Problem to solve » Print exactly, and only, the lines from the one that has "Mini Thin Film" through the end of the material below, with both ends included and the pictures omitted.

Records for processing »
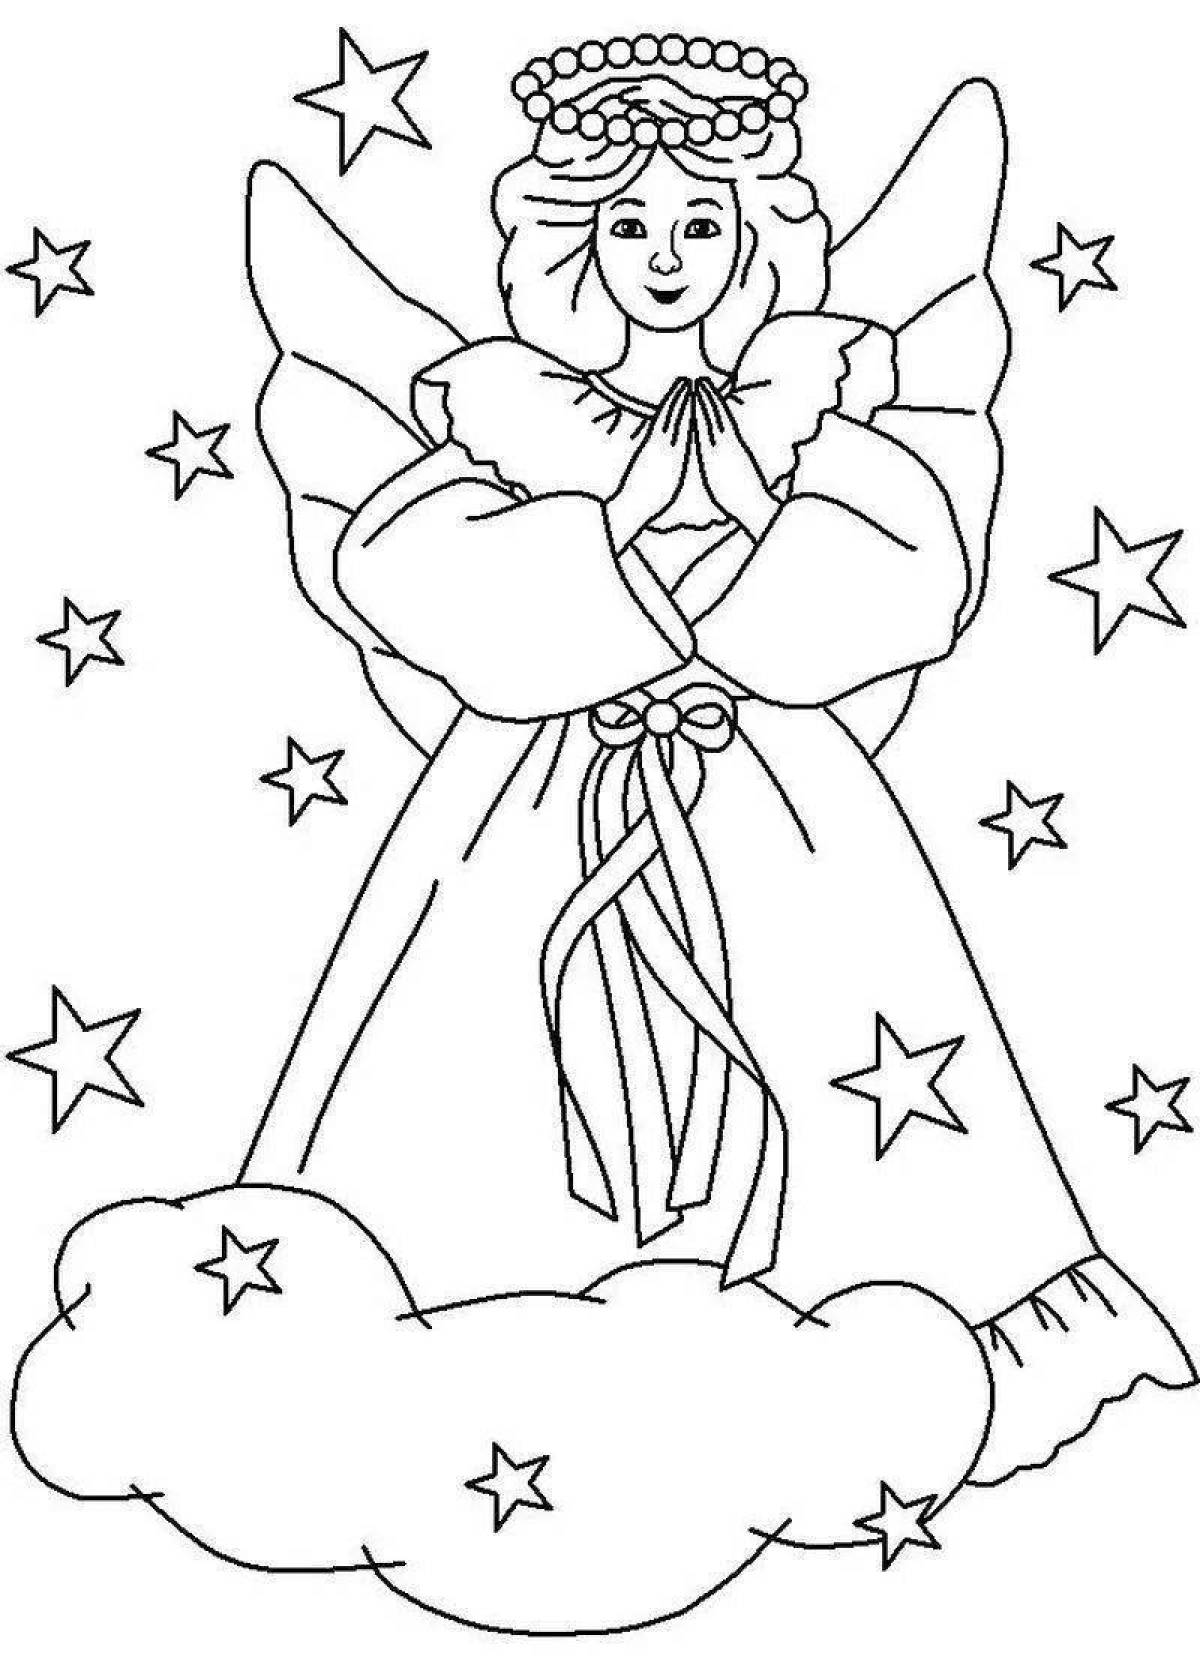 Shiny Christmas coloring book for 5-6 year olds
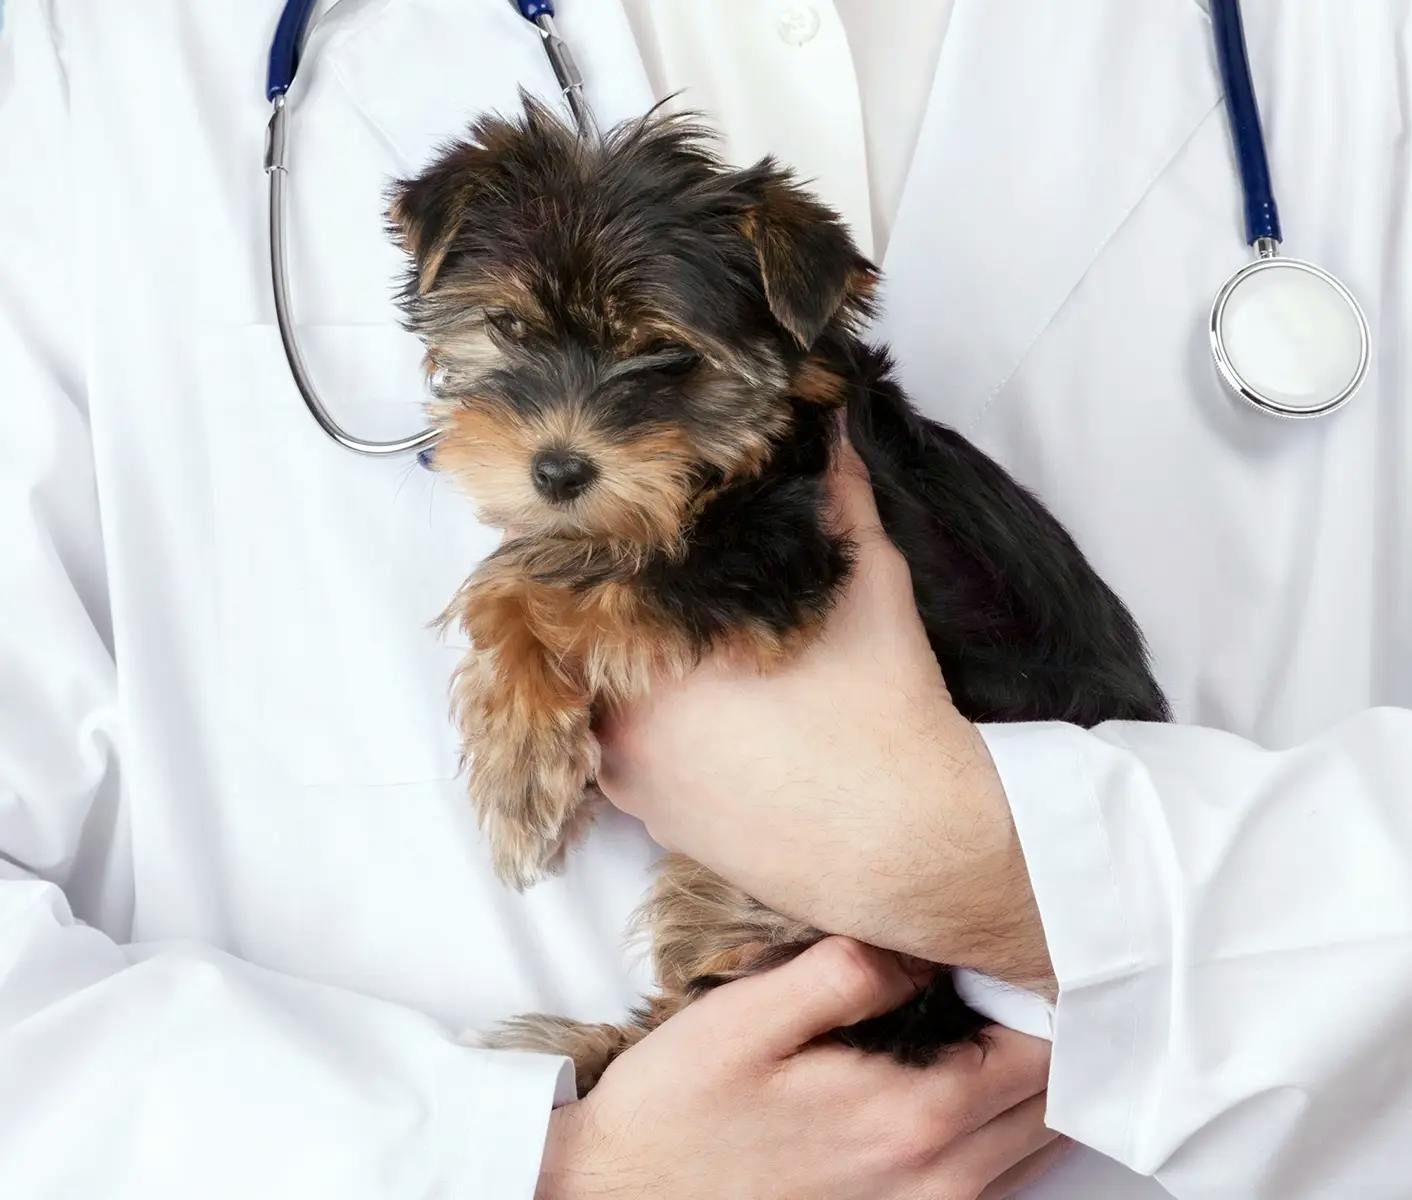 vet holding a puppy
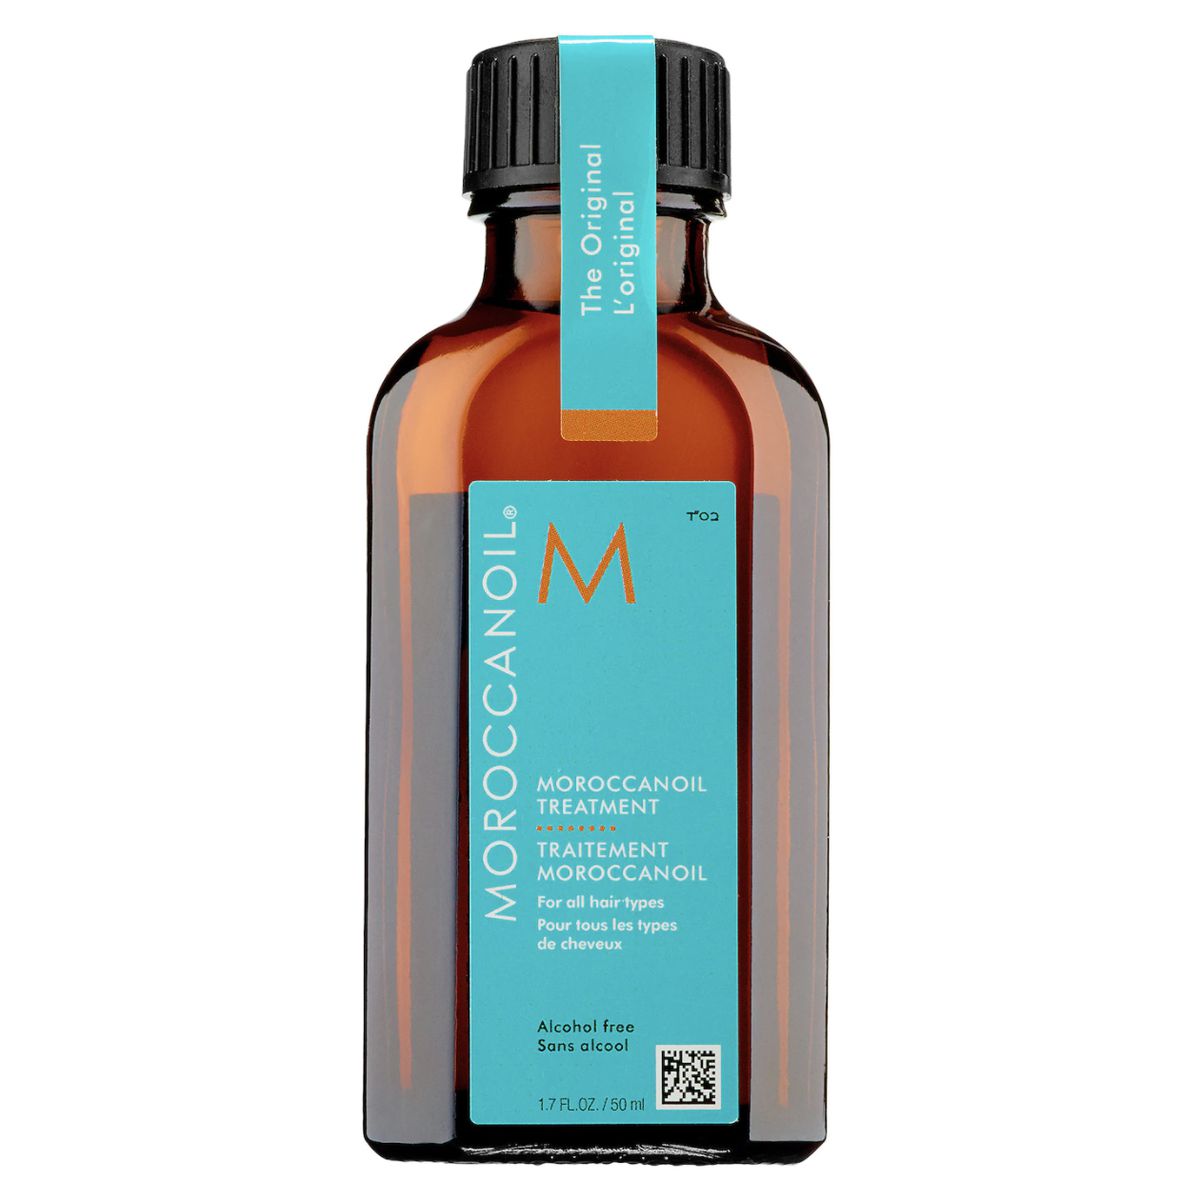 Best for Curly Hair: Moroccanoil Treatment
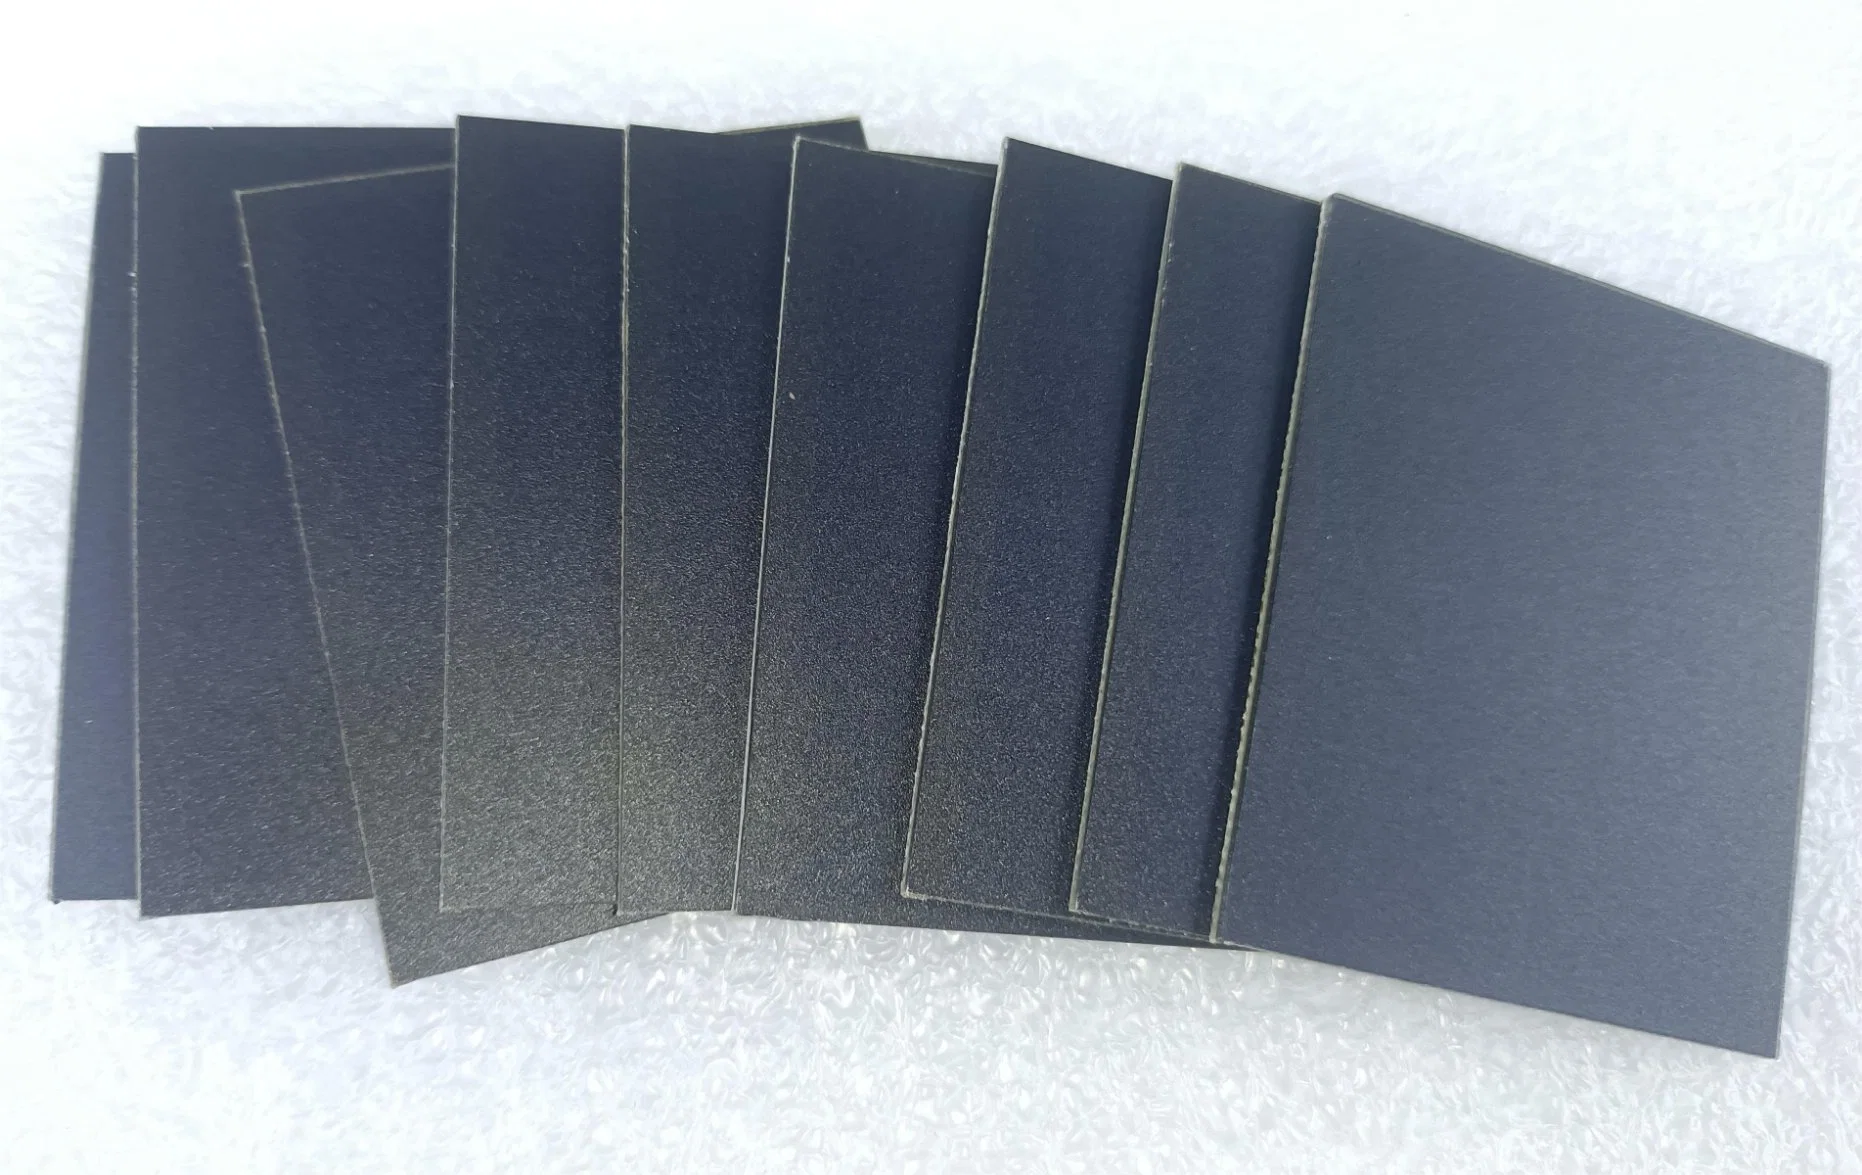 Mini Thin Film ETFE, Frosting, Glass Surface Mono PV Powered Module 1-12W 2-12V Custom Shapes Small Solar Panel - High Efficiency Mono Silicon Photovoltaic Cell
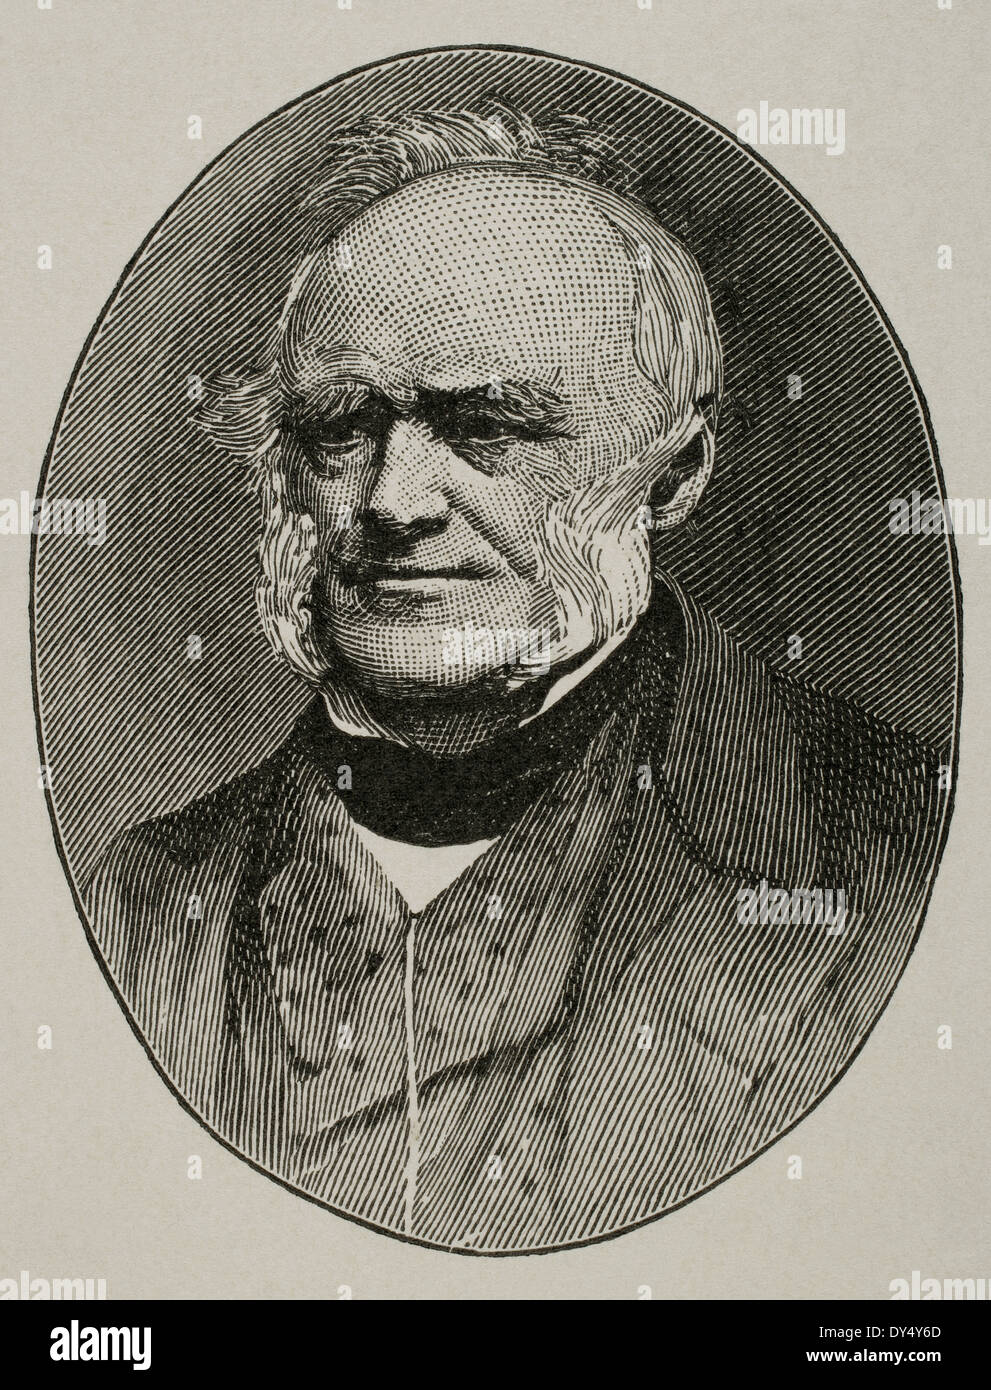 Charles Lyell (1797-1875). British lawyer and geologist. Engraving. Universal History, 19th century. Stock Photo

Result »
 Mini Thin Film ETFE, Frosting, Glass Surface Mono PV Powered Module 1-12W 2-12V Custom Shapes Small Solar Panel - High Efficiency Mono Silicon Photovoltaic Cell
 Charles Lyell (1797-1875). British lawyer and geologist. Engraving. Universal History, 19th century. Stock Photo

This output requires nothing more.